10.normas para garantir a sustentabilidade da dívida pública (art. 163, VIII, da CF). Isso inclui a definição de indicadores para a apuração da dívida, a compatibilidade dos resultados fiscais com a trajetória da dívida, a trajetória de convergência do montante da dívida com os limites definidos em legislação, medidas de ajuste, suspensões e vedações, o planejamento de alienação de ativos para reduzir o montante da dívida.

11.definição de aspectos importantes para a elaboração das leis orçamentárias, nomeadamente o exercício financeiro, aa vigência, os prazos, a elaboração e organização de tais normas (art. 165, §9º, I, da CF).

12.normas de gestão financeira e patrimonial da administração direta, indireta e requisitos para intitução e funcionamento de fundos públicos (art. 165, §9º, II, da CF).

13.definição de critérios objetivos e equitativos para execução de emendas parlamentares impositivas, quando houver algum impedimento para a execução da totalidade dessas emendas (art. 165, §9º, II, da CF).

Vejam algumas questões de concursos anteriores relacionadas à obrigatoriedade de a União editar lei complementar no tocante às normas gerais de direito financeiro.

1.CESPE/PGE-BA/2014 - “O instrumento legislativo exigido pela CF, na esfera federal, para dispor sobre normas de finanças públicas é sempre a lei complementar.” Essa questão está correta porque a Constituição Federal (CF) prevê, em seu artigo 163 da CF que lei complementar deve disciplinar as finanças públicas e estabelecer normas de gestão financeira e patrimonial da administração direta e indireta.

2.CESPE/Analista/TCE-RJ/2021 - "A Lei n.º 4.320/1964, que estatui normas gerais de direito financeiro para elaboração e controle dos orçamentos e balanços do poder público em geral, foi recepcionada com status de lei complementar pela Constituição Federal de 1988." Essa questão também está correta porque a Lei n.º 4.320/1964, apesar de ter sido editada antes da CF de 1988, foi recepcionada por esta como lei complementar, uma vez que trata de matérias reservadas a esse tipo de lei pela CF, conforme mencionado na questão anterior. Assim, a Lei n.º 4.320/1964 está em pleno vigor e só pode ser alterada por outra lei complementar.

3.CESPE/PGE-PI/2014 - "A Lei n.º 4.320/1964, apesar de ser lei ordinária, foi recepcionada pela CF com status de lei complementar, só podendo, hoje, ser alterada por lei dessa estatura." Essa questão está correta pelo mesmo motivo da questão do TCE-RJ/2021. A Lei n.º 4.320/1964 foi recepcionada pela CF como lei complementar e só pode ser modificada por outra lei desse mesmo nível.

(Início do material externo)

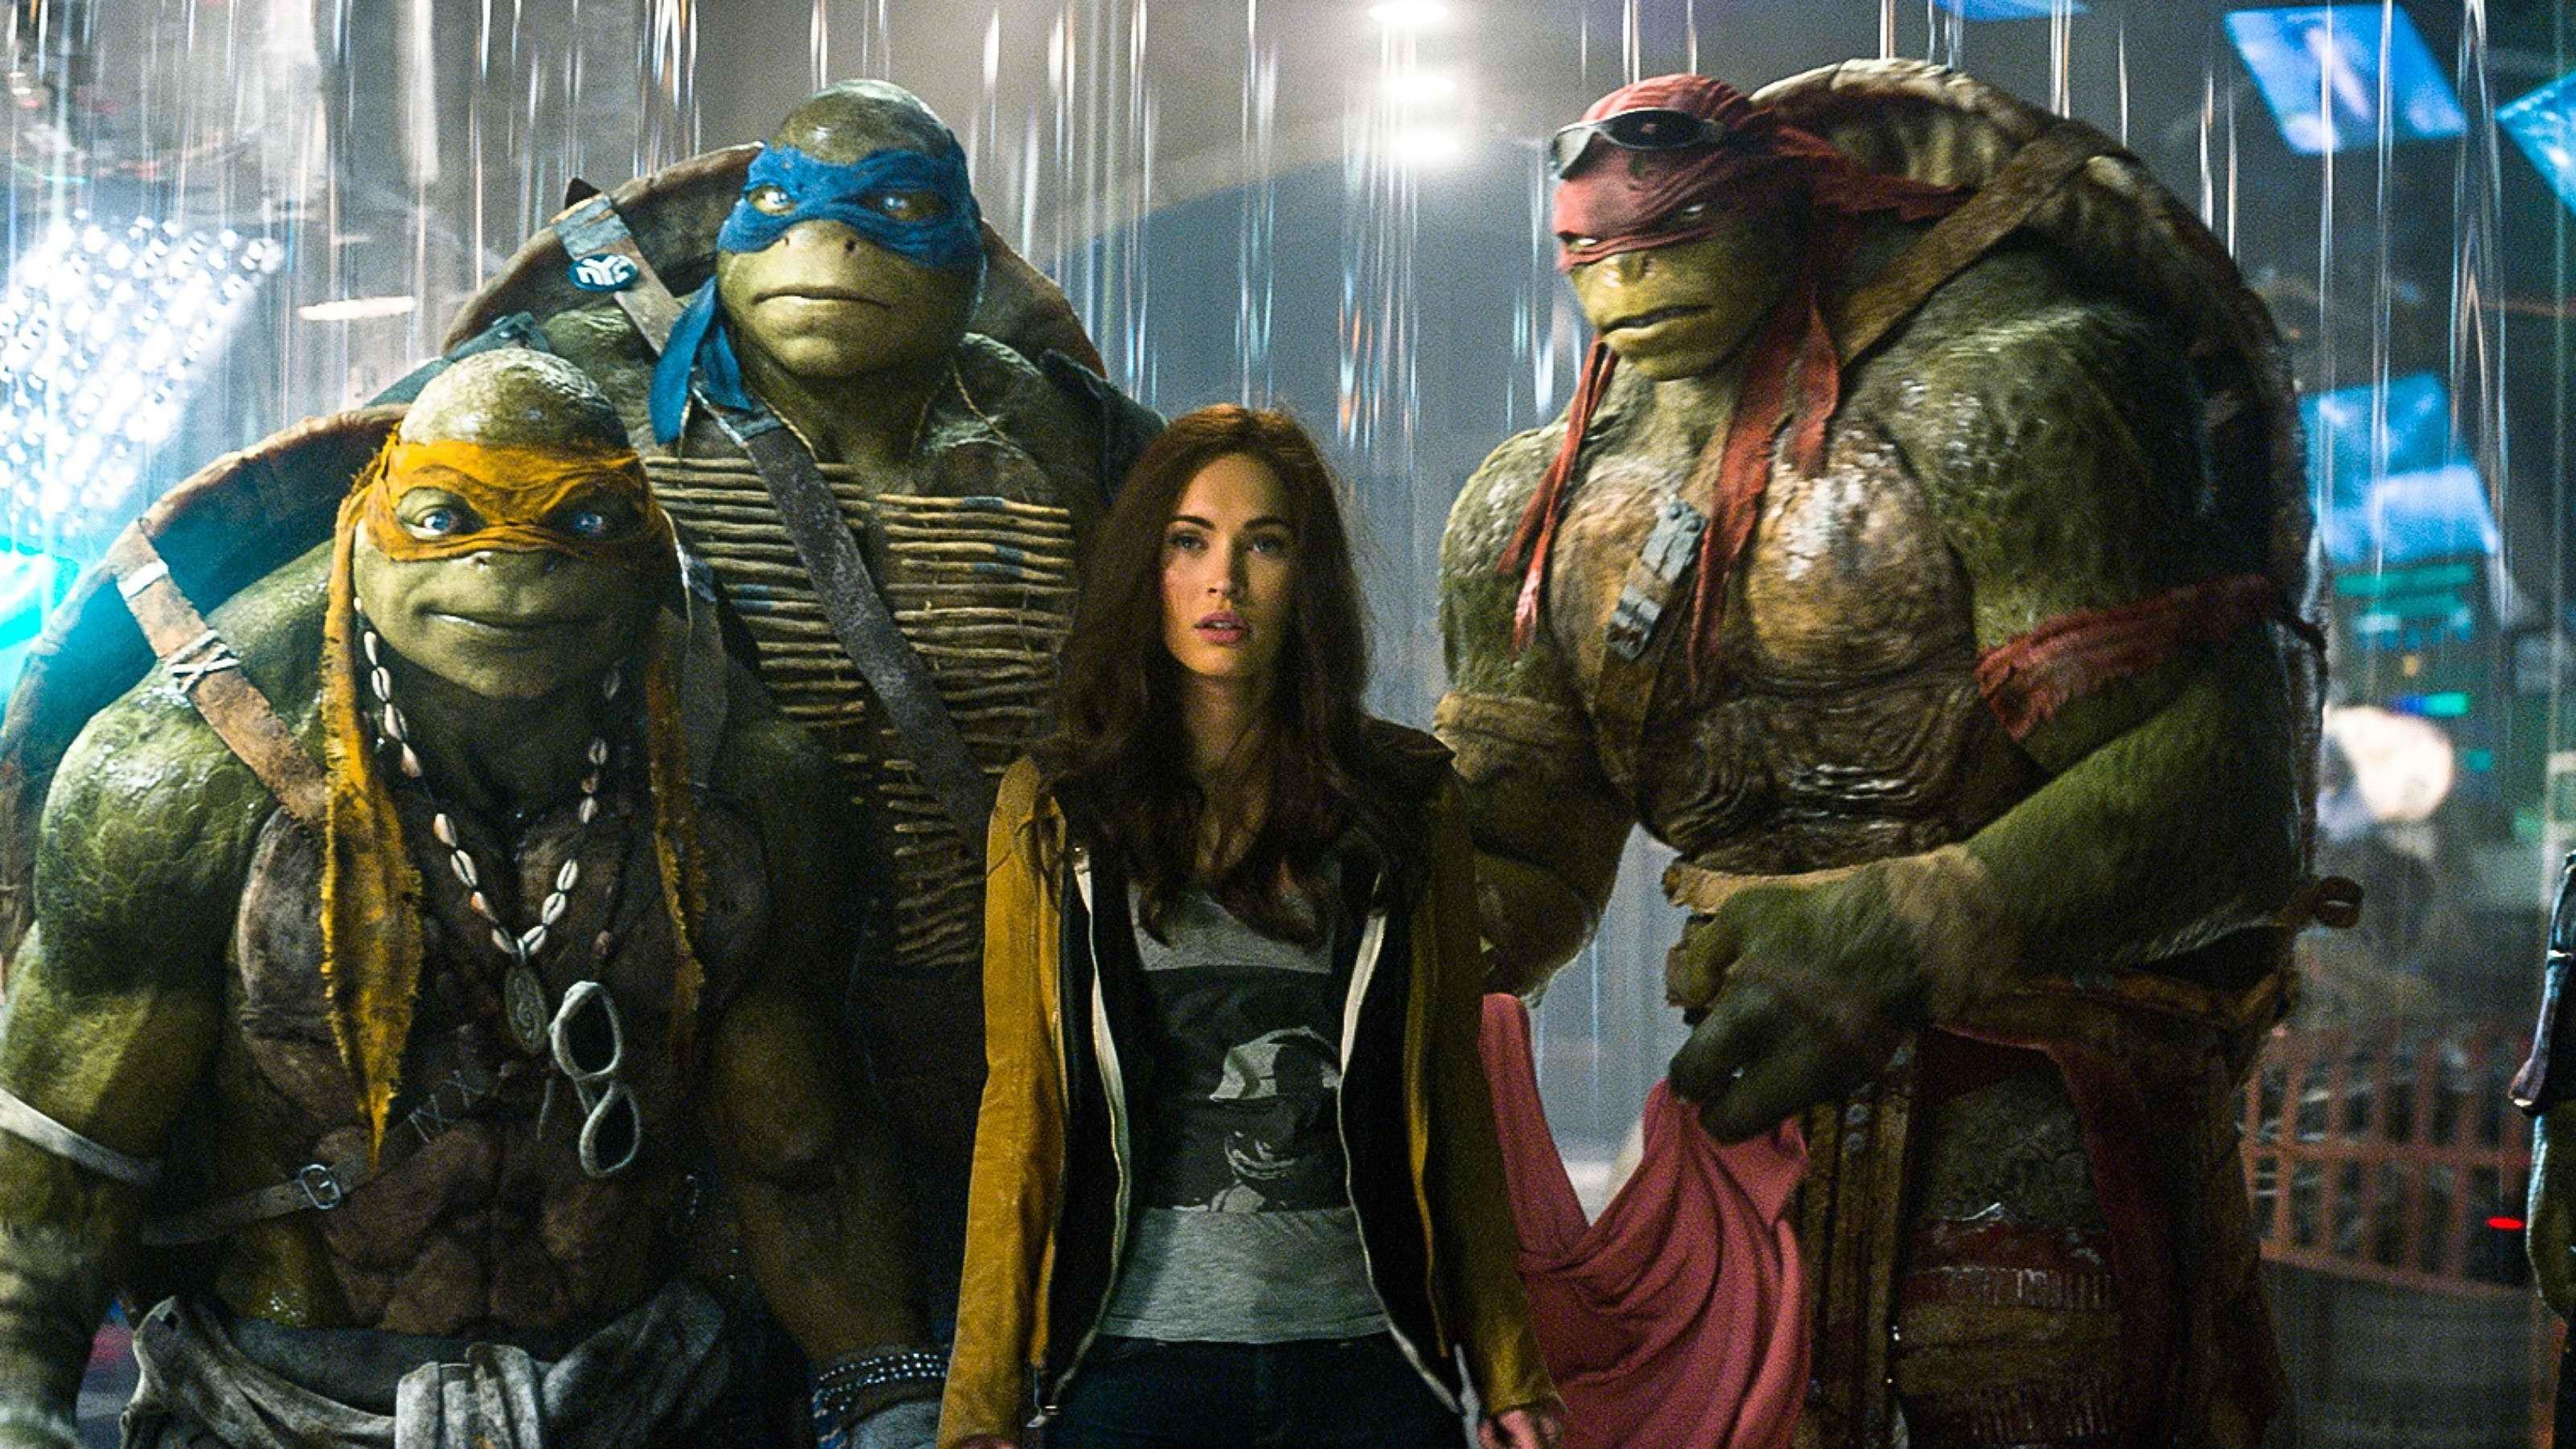 Res: 3200x1800, Teenage Mutant Ninja Turtles 2014 Film Poster | Wallpapers HD .
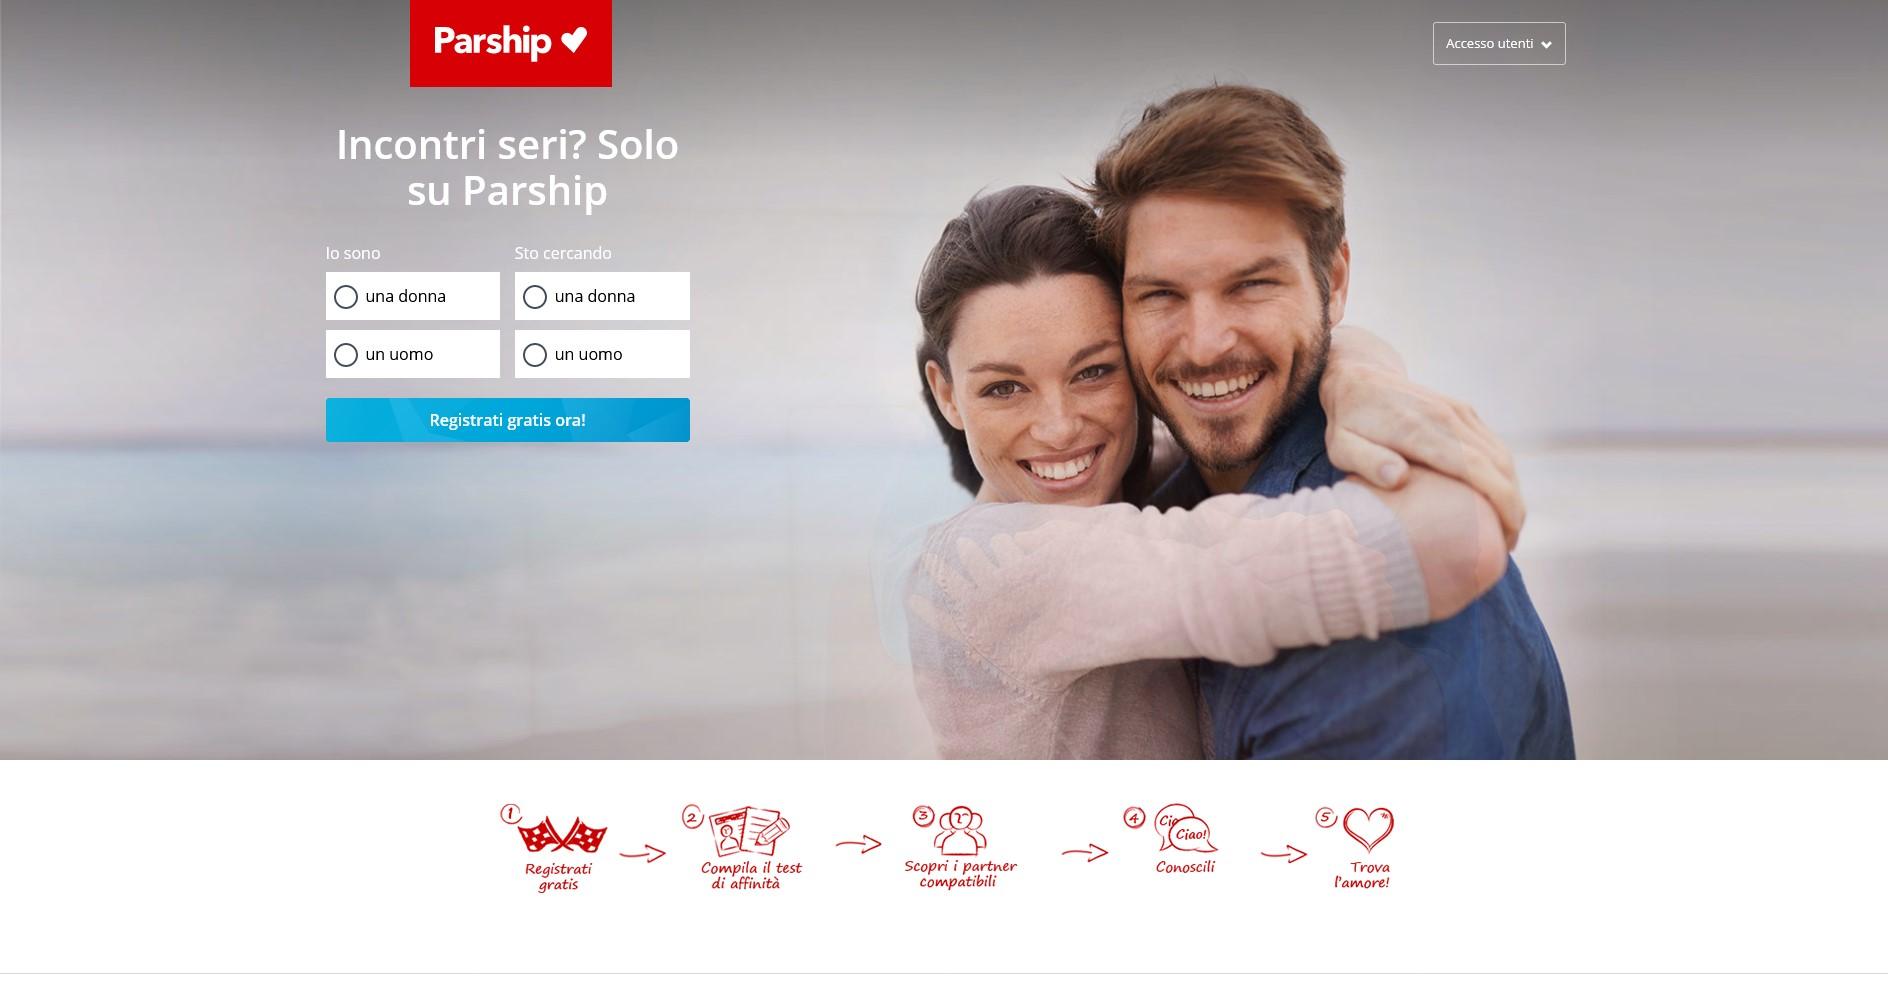 parship.com

4.CESPE/Analista/TCE-PR/2014 - "A lei que dispõe sobre finanças públicas e fiscalização financeira da administração direta e indireta é lei ordinária." Essa questão está errada porque a lei que dispõe sobre finanças públicas e fiscalização financeira da administração direta e indireta é lei complementar, conforme os artigos 163, I e V, da CF.

5.CESPE/TRF5/2011 - "Cabe a lei ordinária federal dispor sobre a fiscalização financeira da administração pública direta e indireta, bem como sobre operações de câmbio realizadas por órgãos e entidades da União, dos estados, do DF e dos municípios." Essa questão está errada porque cabe a lei complementar federal dispor sobre essas matérias, conforme os artigos 163, V e VII, da CF.

Além das normas gerais sujeitas a lei complementar, a União, assim como os Estados e Municípios, também tem competência para legislar sobre suas próprias finanças públicas, com a edição do plano plurianual (PPA), da Lei de Diretrizes Orçamentárias (LDO) e da Lei Orçamentáriai Anual (LOA).